After the Land War United Ireland became the mouthpiece of Parnellism and an equal opportunities offender. O’Brien would, on a weekly basis, attack the Liberal and Tory parties in England, the Royal Irish Constabulary and Dublin Metropolitan Police, landlords, Unionists, Unionist journalists, nationalist journalists who weren’t nationalist enough, nationalist MPs who were equally unconvincing in their nationalism and anyone else who, in his eyes, was not stepping up to the mark. On finishing reading the very first issue of United Ireland in August 1881 the Chief Secretary for Ireland, William E. Forster was reported to have asked ‘Who is this new madman?’

He was a thorn in the side of the establishment, occasionally of his own party, and arguably he was even a thorn in his own side. He was utterly relentless and fearless in his journalism. That’s not to suggest that he was fair – he was anything but. However he was prepared to risk some stupendous libel suits in order to get his version of the truth out. It helped that for many years he wasn’t really worth suing, he had no personal resources, famously living out of two suitcases in the Imperial Hotel on Sackville Street – now Clery’s department store.

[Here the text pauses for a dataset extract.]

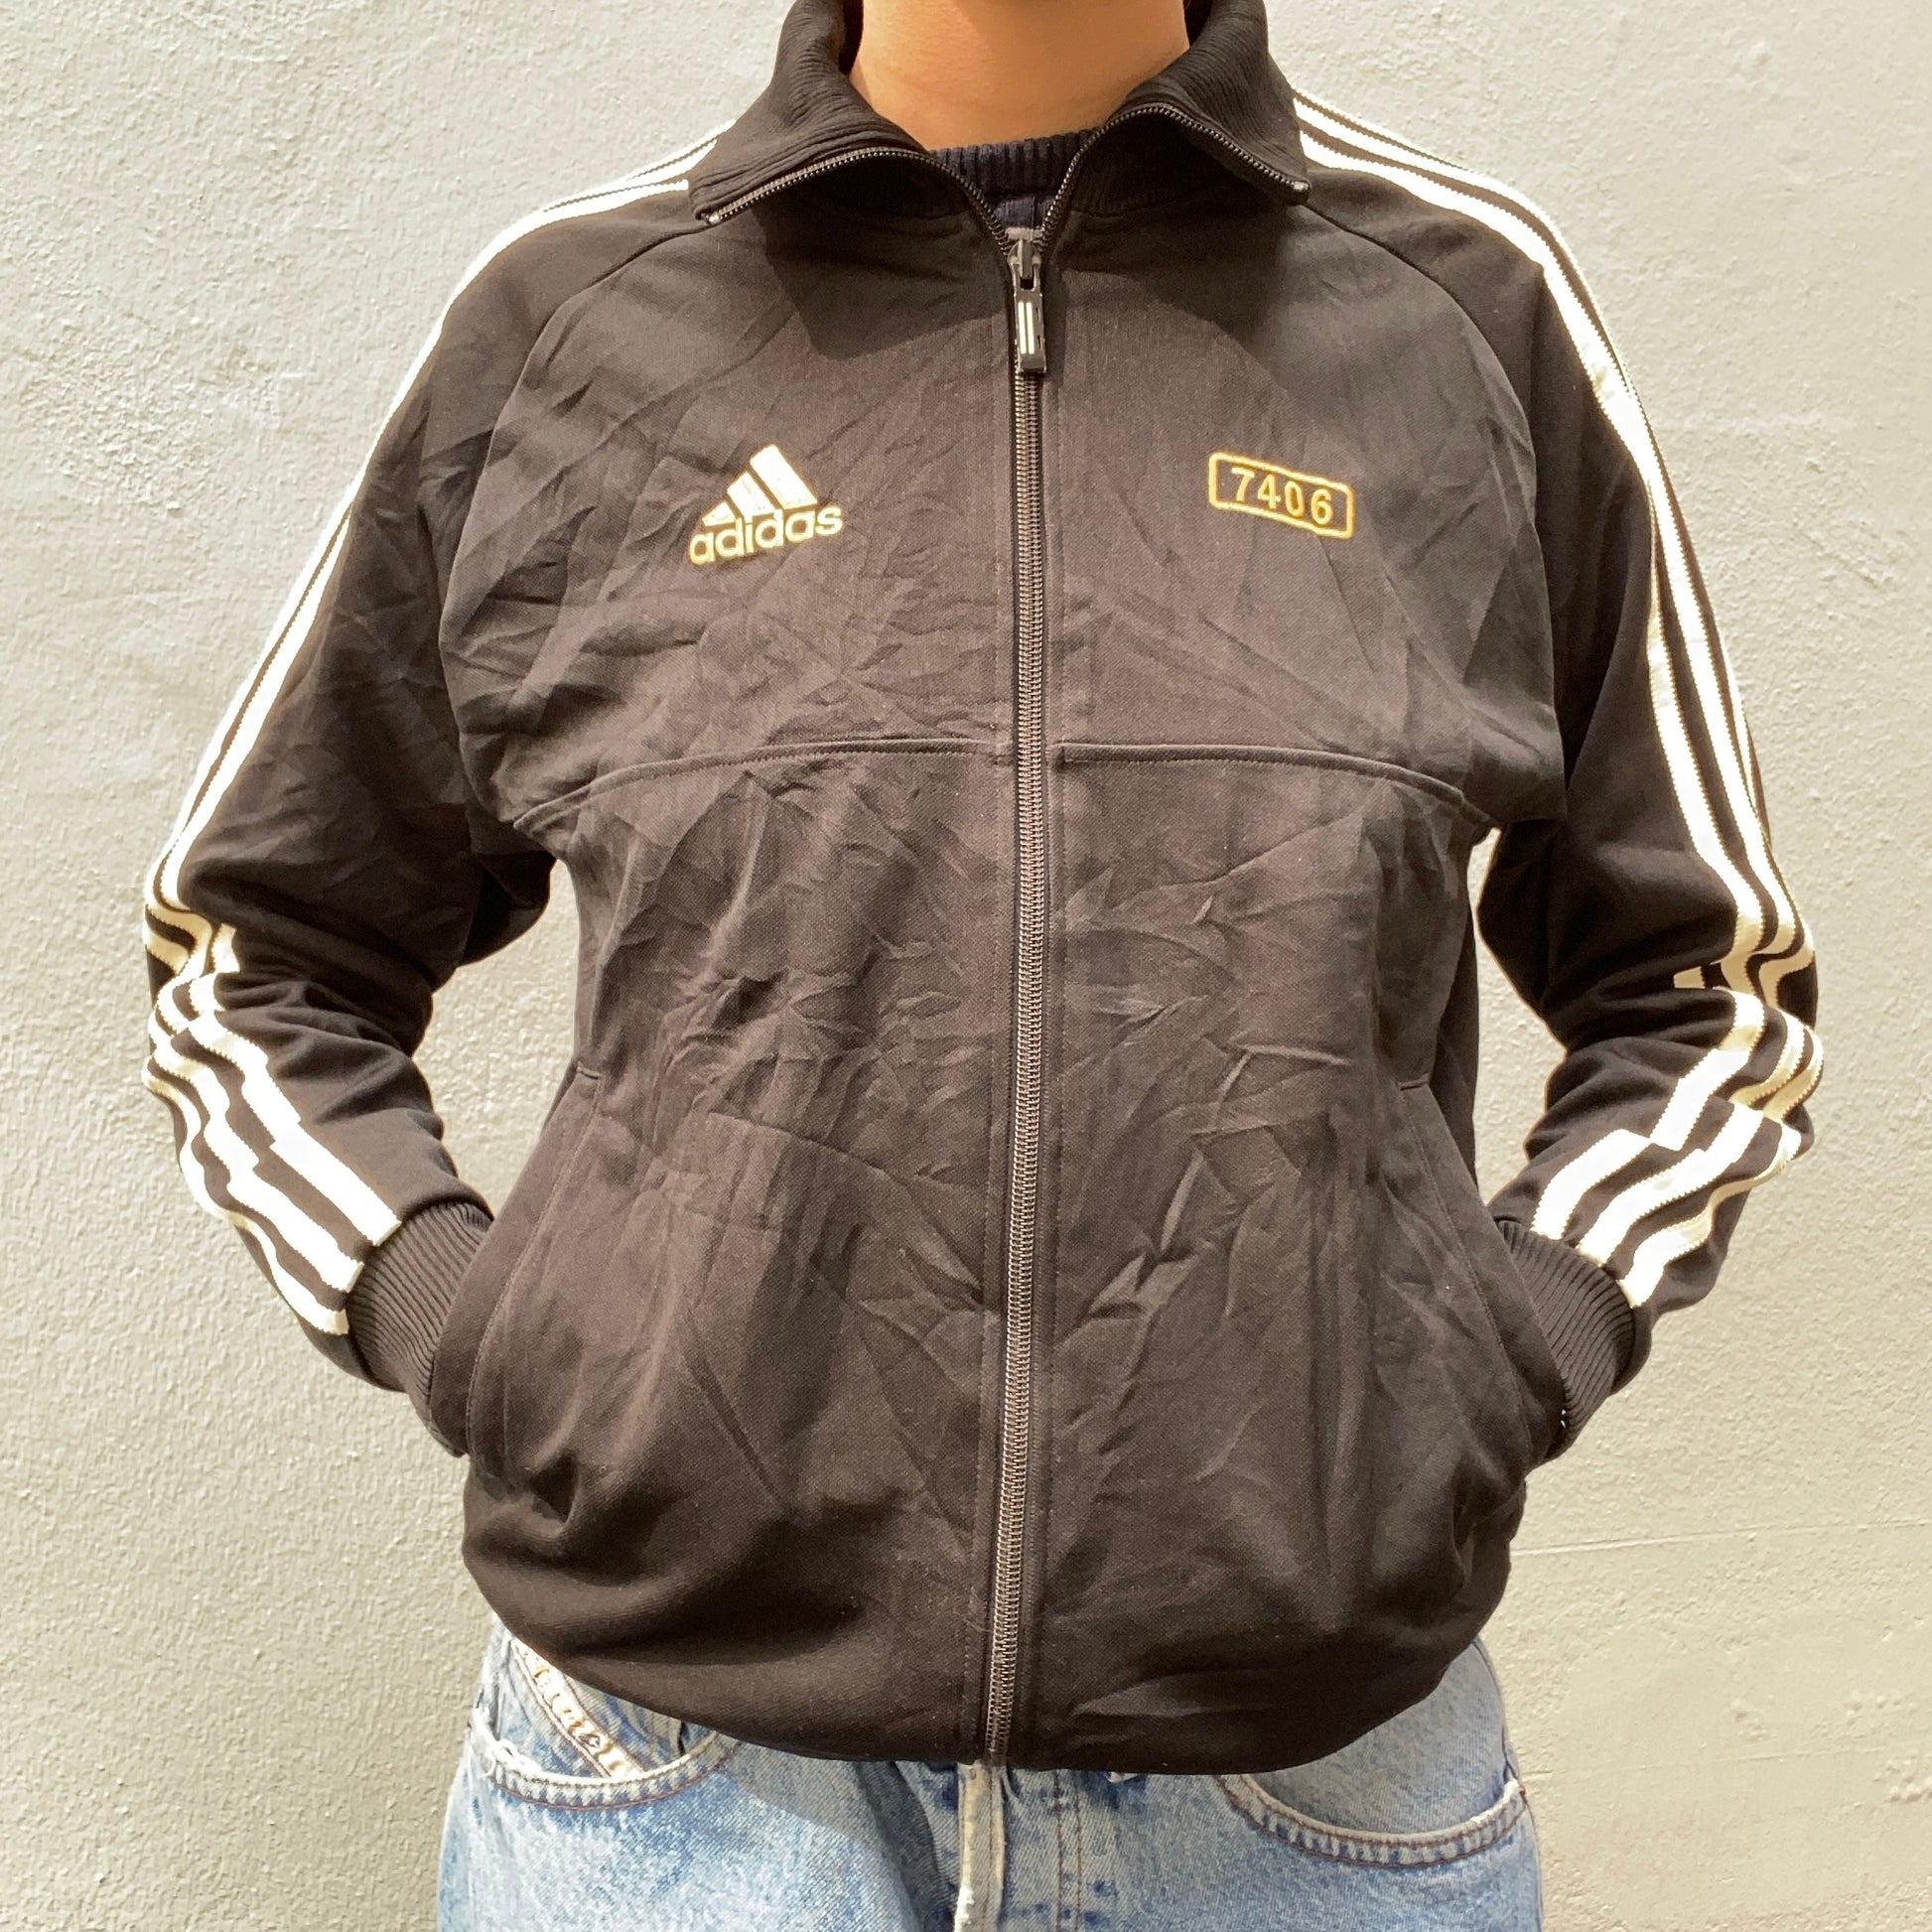 Adidas Black Track Suit front

Although he could at times be a journalistic windbag he also had an eye for the pithy phrase or aphorism. When the Tory Prime Minister, Robert Cecil, Lord Salisbury in 1887 appointed his own nephew Arthur Balfour as Irish Chief Secretary – in the process giving rise to the immortal phrase ‘Bob’s your uncle’ -O’Brien noted the languid Tory’s predilection for playing golf and dubbed him ‘Mr.Arthur Golfour’ . Balfour, however, had the last laugh, throwing O’Brien in jail many times over the next four years.

While it broke his heart he opposed Parnell after the O’Shea divorce case but played little part in the vicious hounding of the former Irish party leader which only ended with his death in October 1891. Thereafter O’Brien temporarily disappeared from active politics. He re-emerged at the end of the decade to re-assert his dedication to agrarian politics by forming the United Irish League. It was under the auspices of this grass roots organisation that the Irish party split was healed. But O’Brien had a penchant for falling out with people and he soon moved on.

His latter years as a politician and journalist saw him at the helm of a Cork-based nationalist splinter group the All For Ireland League and editing the Cork Free Press.

By the time of the 1916 Rising, like many other nationalist politicians of his generation he’s had his day. Although highly respected by many of the more extreme Republicans who came to dominate Irish post-WW1 politics there was no place for him in the new dispensation and it was time to write a number of highly readable, entertaining and utterly unreliable memoirs. He died in 1928.

William O’Brien, Irish father of the so-called ‘New Journalism’ of the late 19th century was born in Mallow, Co. Cork 163 years ago, on this day.